Defending Against the Weaponization of Trust (Software Industry)

Kent Dahlgren
6 min readMar 15, 2022

In the mid-1990’s a series of essays regarding the open source phenomena were written by a software developer named Eric Raymond (commonly referred to as ESR), much of it compiled and released into a book titled The Cathedral and the Bazaar.

Pictured: LIDAR view into the Willamette River’s historic channels (Oregon)

Eric approached the domain from various perspectives, one of which included the “soft sciences” of sociology and anthropology, helping readers come to understand why software developers would invest so much time and effort into writing software “for free.”

If you’ve managed software engineers you come to realize that more money doesn’t necessarily unlock a higher level of programming quality or creativity. There are other factors which are ultimately transcendent of money, which (for the purposes of this post) is an example of “hard capital.”

In effect, ESR’s essays helped deconstruct what is generally referred to as a “gift economy,” which (as Ruth Glendinning and I discuss on The Anti-Fragile podcast) is one application of “soft capital.”

Think about our interactions with one another:

  • we spend time with other people
  • we pay attention to one another
  • we build relationships
  • we earn trust

We: spend, pay, build, and earn forms of soft capital, which (again) are what’s necessary to launch and sustain a gift economy.

Consider for a moment that some forms of soft capital have value that transcends the power of hard capital (money).

For example: trust.

Trust is impossible to buy, can only be earned, and is lost in an instant, and once that happens, can massively diminish the value of hard capital.

In effect, trust (as a form of soft capital) is an economic “weapon of mass destruction” in the hands of a skilled practitioner.

Allow me to offer a simple example:

In his essays, Eric Raymond (ESR) observed the following regarding the perceived difference of value between hard goods and software.

Consider a chair. Generally speaking, the perceived value of the chair is derived from the chair itself.

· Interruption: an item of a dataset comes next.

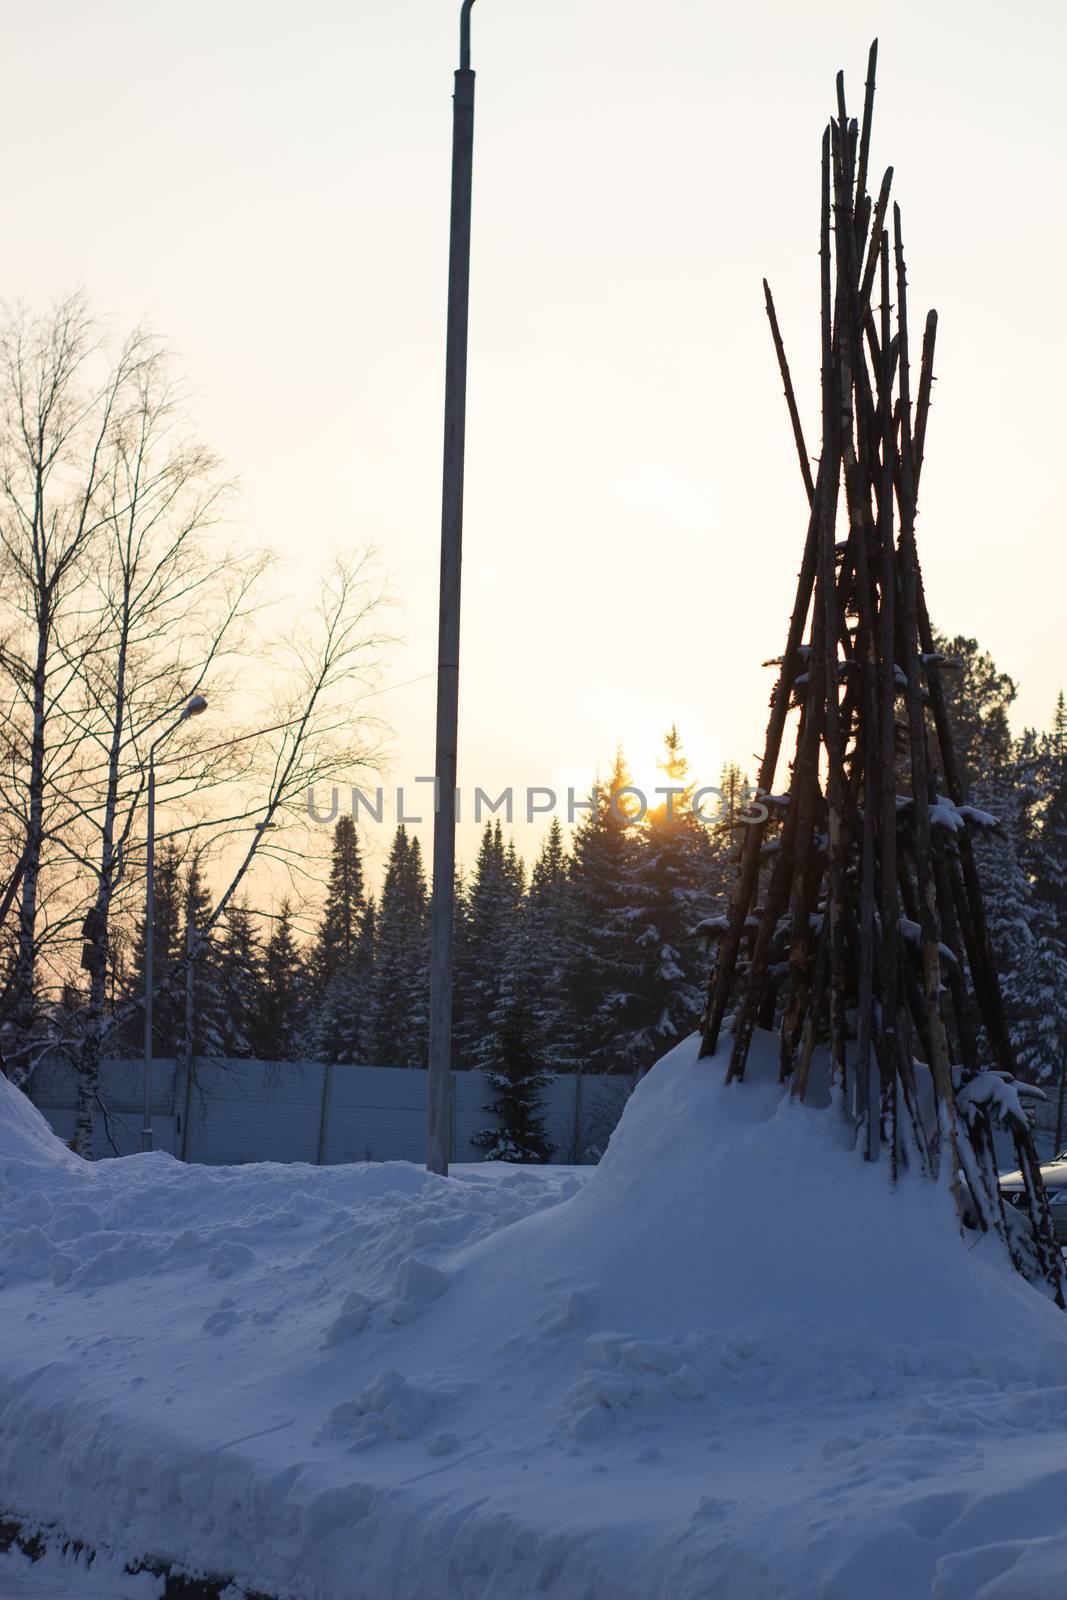 Tipi posts stuck in the thick snow in the middle of winter surrounded by lush green pines.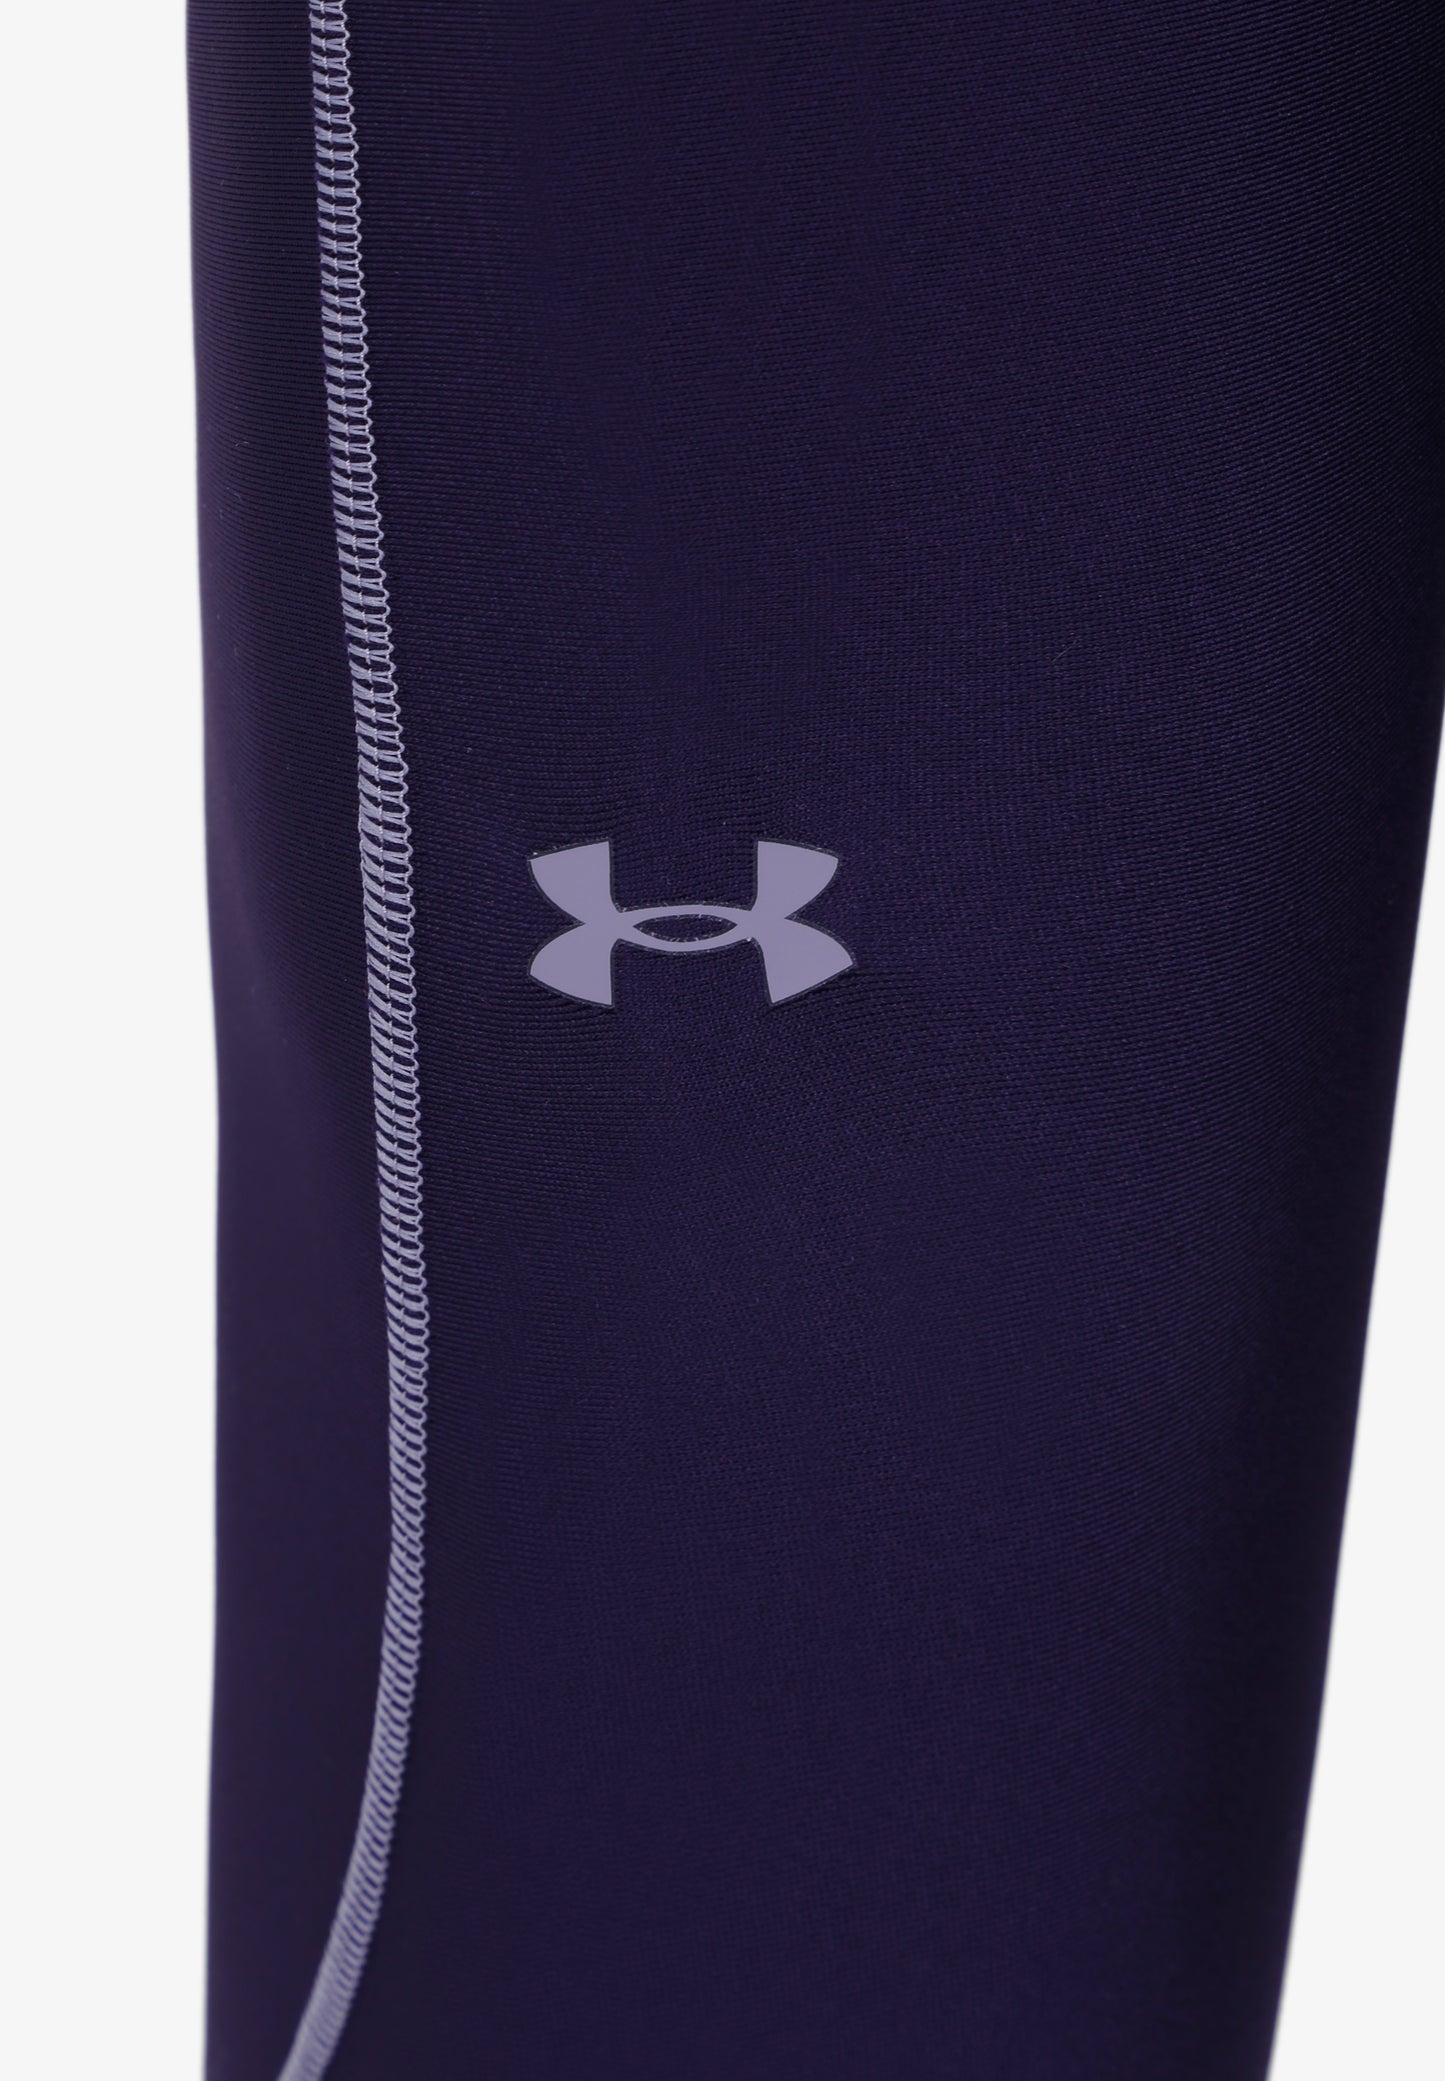 UNDER ARMOUR | LEGGINGS ANKLE SOLID

Value (within our culture) is typically expressed in monetary terms, and so a discussion regarding a particular chair’s value would be reflected in statements like:

“I’ll pay you $25 for that chair”

or:

“I am selling this chair for $35”

Software is different: ESR observed that the value of software isn’t rooted so much in the utility provided by the software in its current form, but in the promise that there will be a pipeline of new features and consistently-delivered maintenance in the future.

For example: Adobe Photoshop, used to edit digital images, and originally released 32 years ago, in 1990. Currently on sale for the retail price of $239 (plus maintenance).

Let’s assume that later today, Adobe announced an “end of life” for the Photoshop product. “End of life” (or “EOL” in industry parlance) means that the product will no longer be supported beyond a stated date.

The retail value of a software product plummets and eventually flatlines as soon as that product is declared “EOL,” and again, this is because the company has indicated that they will no longer support the maintenance of the product, nor will they release any new features.

There’s a lot of really important stuff to consider here, so I ask that you pause and digest what I’ve just shared.

Generally speaking there are two forms of pricing:

  • cost-plus
  • value-based

Cost-plus pricing takes the total cost of a product and adds a few dollars to determine a price that the person considers fair.

Most modern products and services don’t use cost-plus pricing; the use “value-based” pricing, which is a practice rooted deep in the application of psychology.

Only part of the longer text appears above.